For all Gilroy's supercompetent handling, however, there remains an air of redundancy about this picture. Back in 2007, when Greengrass made The Bourne Ultimatum, he practically reduced the spy thriller to a near-abstract level of tautness. The whippy changes of location were matched to the fragmented sense of the hero's moral world. Jason Bourne had been tortured, trained and finally traduced by his own masters, who signed off on all manner of murderous wrongdoing in the pursuit of national security. The series credibly traced the way Bourne's confusion and loss of identity turned to rage, and then to retribution.
Here, that dramatic arc has been squashed into a package at once overlong and underexplained. Norton conducts grim-faced backroom confabs with other senior spooks, who loosen their ties and drink heavily as the bad news keeps coming, but it is inert (and sometimes incomprehensible) as drama.

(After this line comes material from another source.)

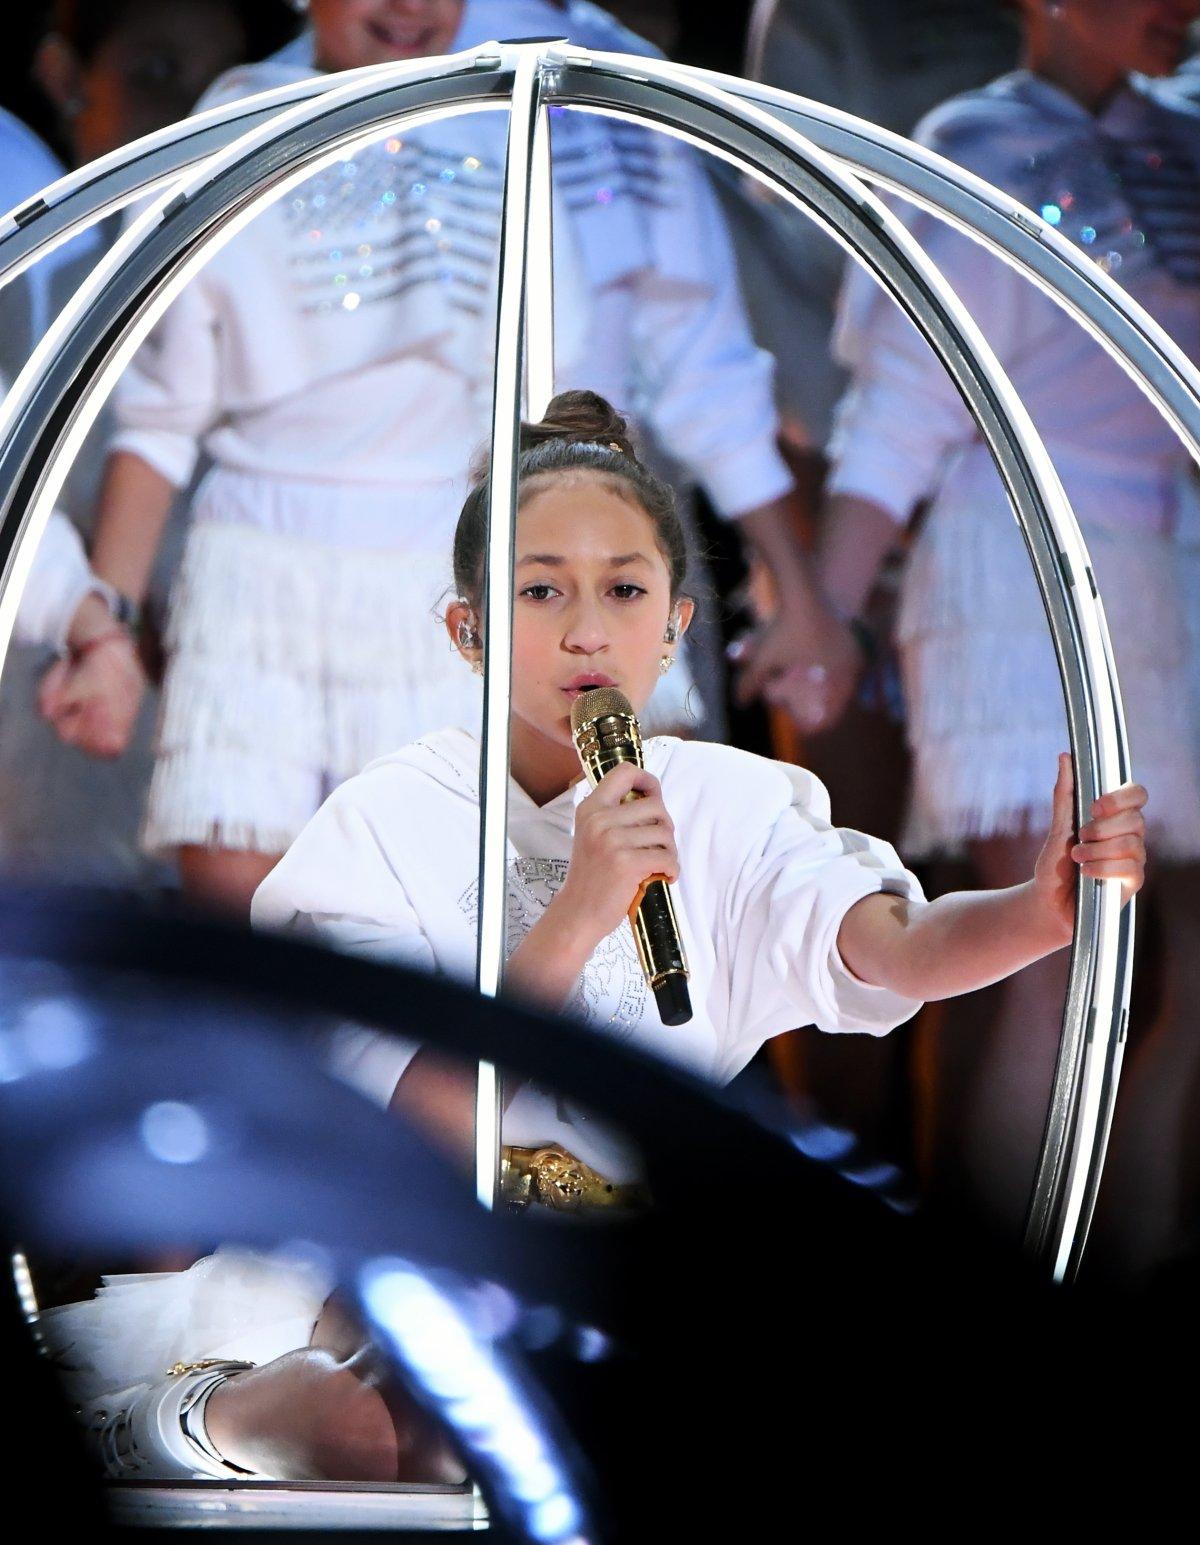 Jennifer Lopez Reflects On Super Bowl Halftime Show Kids In Cages Moment National Globalnews Ca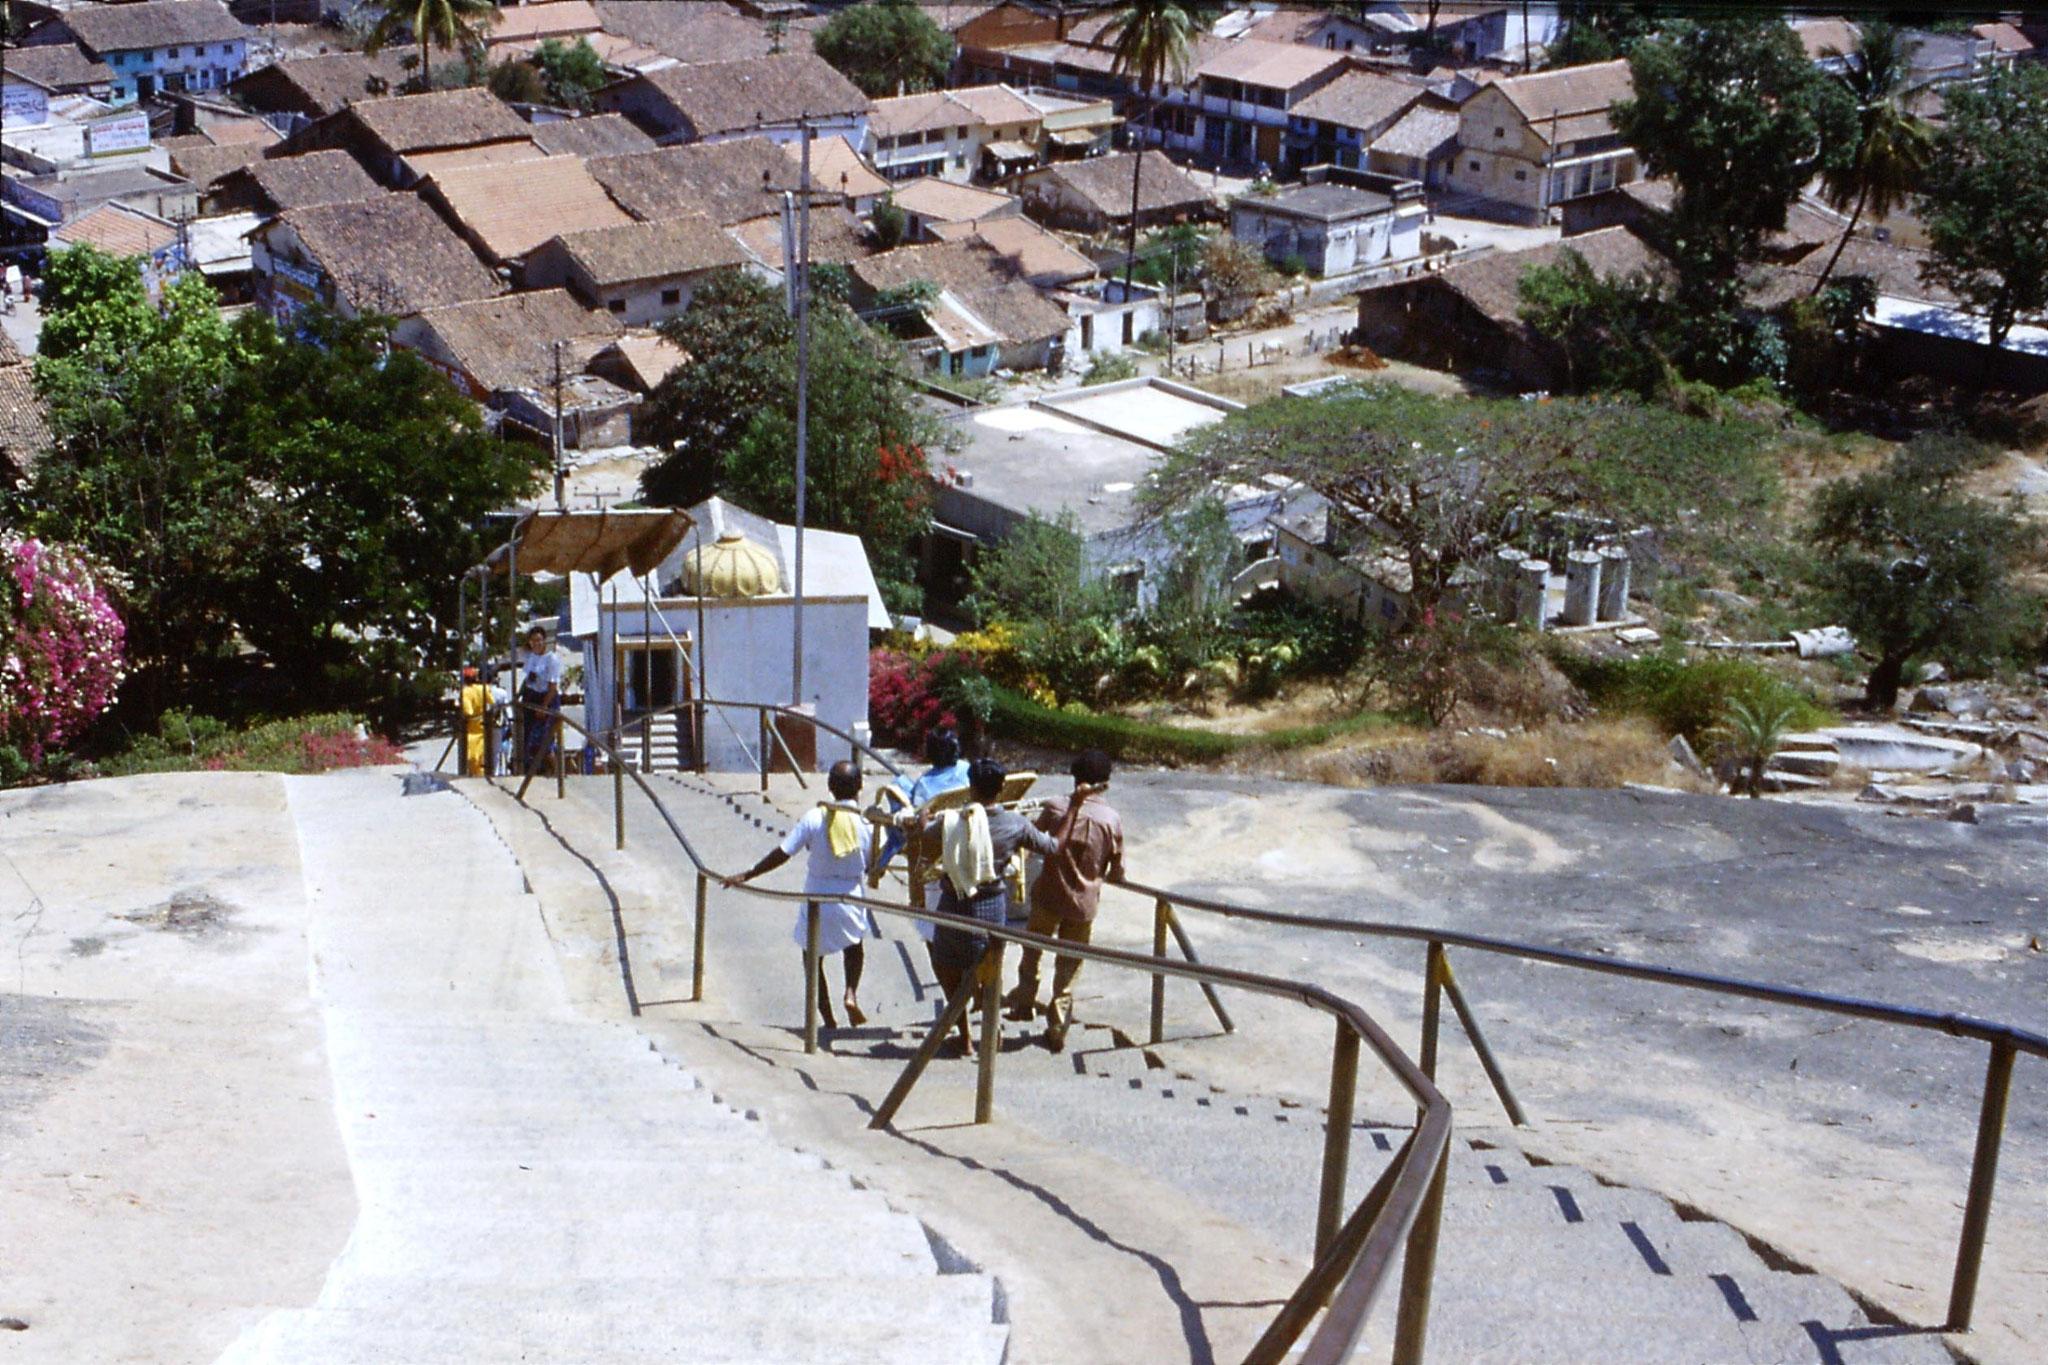 108/13: 13/3/1990 Sravanabelagola - woman carried on dholi, E behind

The action setpiece has been the great forte of this series, and Gilroy meets the challenge head-on with a bounding chase over the rickety tin tops of downtown Manila. It's a nod, perhaps even a homage, to the previous film's breathtaking chase in Tangiers, which ended with Damon somehow jumping from a roof to land, with a crash, through a window on the street opposite. This latest is prompted by Cross's glimpsed recognition, from a distance of at least 500 yards, of a would-be assassin. I wondered if this enhanced eyesight were a by-product of his genetic modifications, or if he just had a good memory for nogoodniks.
The subsequent motorcycle pursuit through the streets encapsulates the film as a whole, starting off tense and exciting, losing momentum in its middle section, then skidding to a sudden halt. Huh?
That was also my reaction on David Strathairn and Joan Allen briefly reappearing centre-stage at this movie's denouement. I suppose it is meant to confirm that both plots are happening synchronously, but it feels out of whack, and an awkward note on which to end a long (135 minutes) movie. If the makers have any sense they will close the franchise down – but I wouldn't bet against this Legacy paying out a bit more.